:: Instructions to follow ::
Below are the records. Retype exactly the lines between the lines holding "Kim Christensen er" and "Philippe Verstraete - Patisserie", inclusive.

:: Entries shown ::
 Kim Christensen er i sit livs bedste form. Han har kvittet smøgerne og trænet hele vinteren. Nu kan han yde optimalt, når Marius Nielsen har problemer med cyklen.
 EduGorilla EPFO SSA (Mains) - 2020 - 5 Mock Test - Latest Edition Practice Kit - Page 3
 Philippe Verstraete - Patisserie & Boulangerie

...

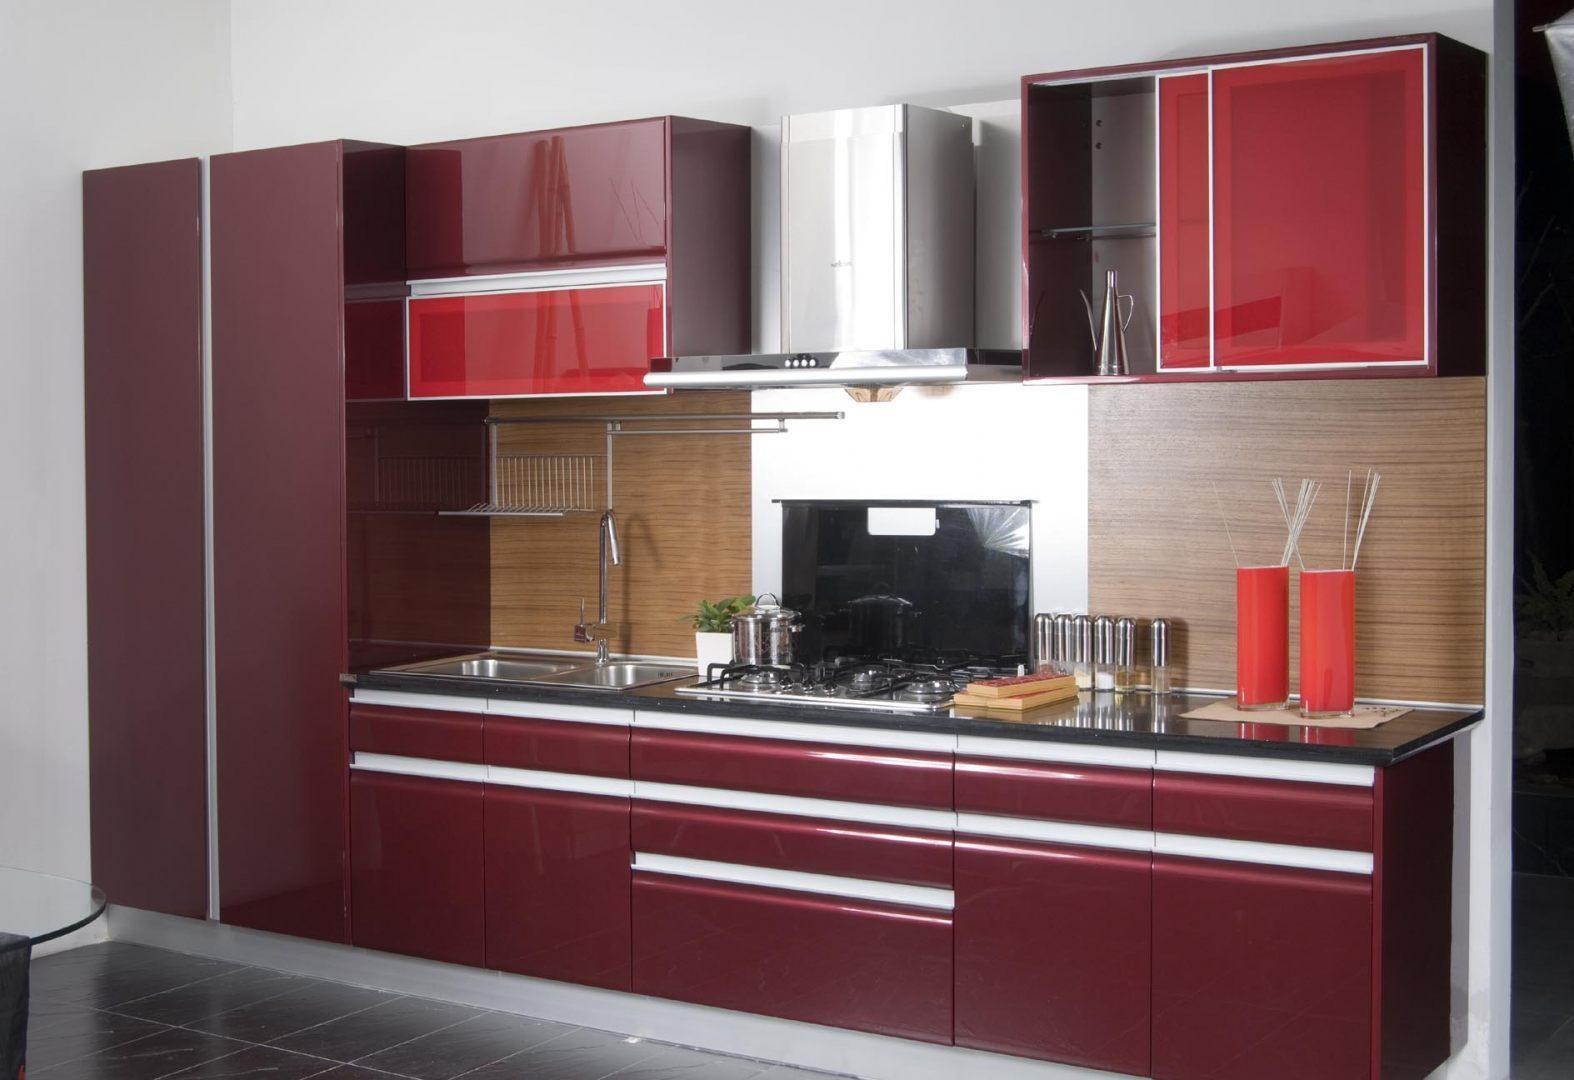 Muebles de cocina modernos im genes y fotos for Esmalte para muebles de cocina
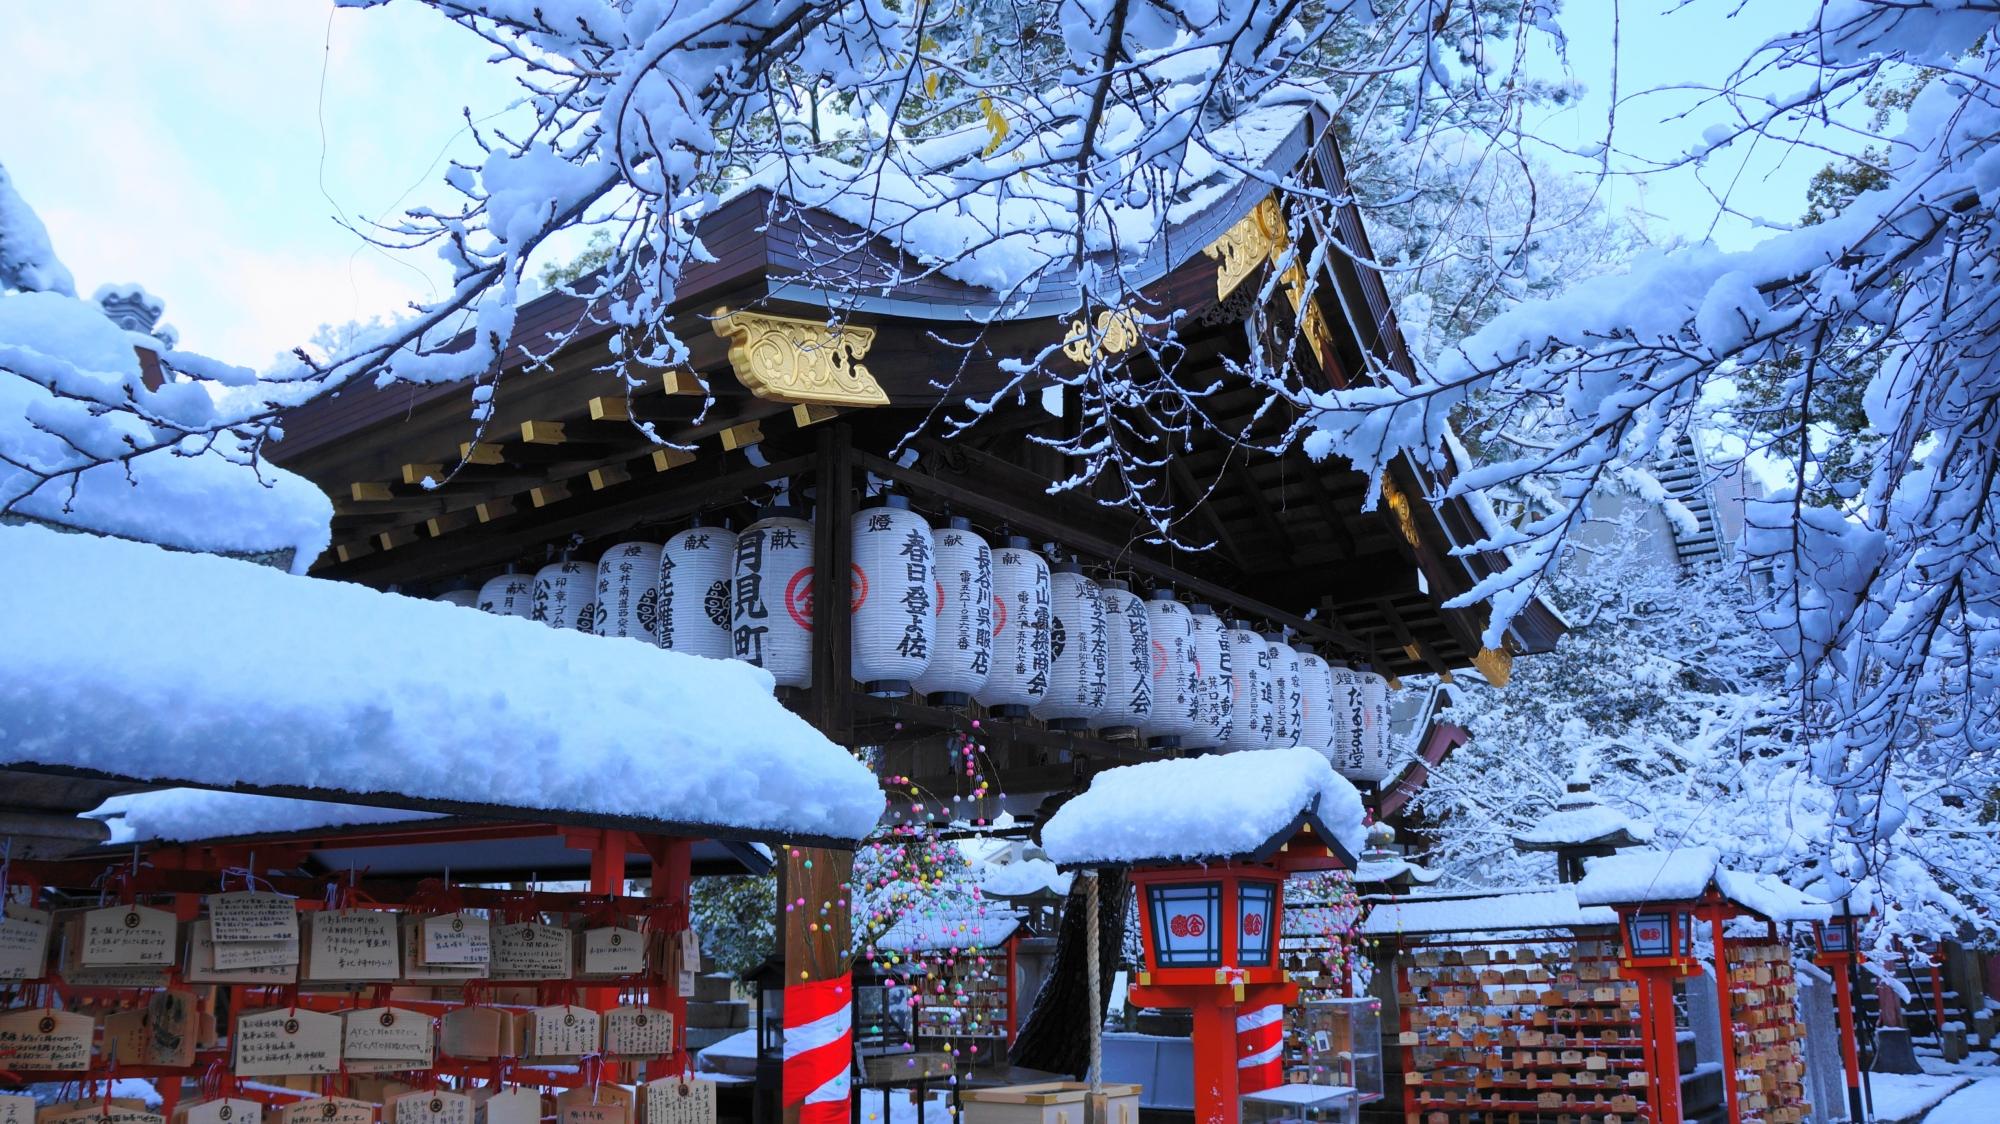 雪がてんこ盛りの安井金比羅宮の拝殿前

:: Task output ::
 Kim Christensen er i sit livs bedste form. Han har kvittet smøgerne og trænet hele vinteren. Nu kan han yde optimalt, når Marius Nielsen har problemer med cyklen.
 EduGorilla EPFO SSA (Mains) - 2020 - 5 Mock Test - Latest Edition Practice Kit - Page 3
 Philippe Verstraete - Patisserie & Boulangerie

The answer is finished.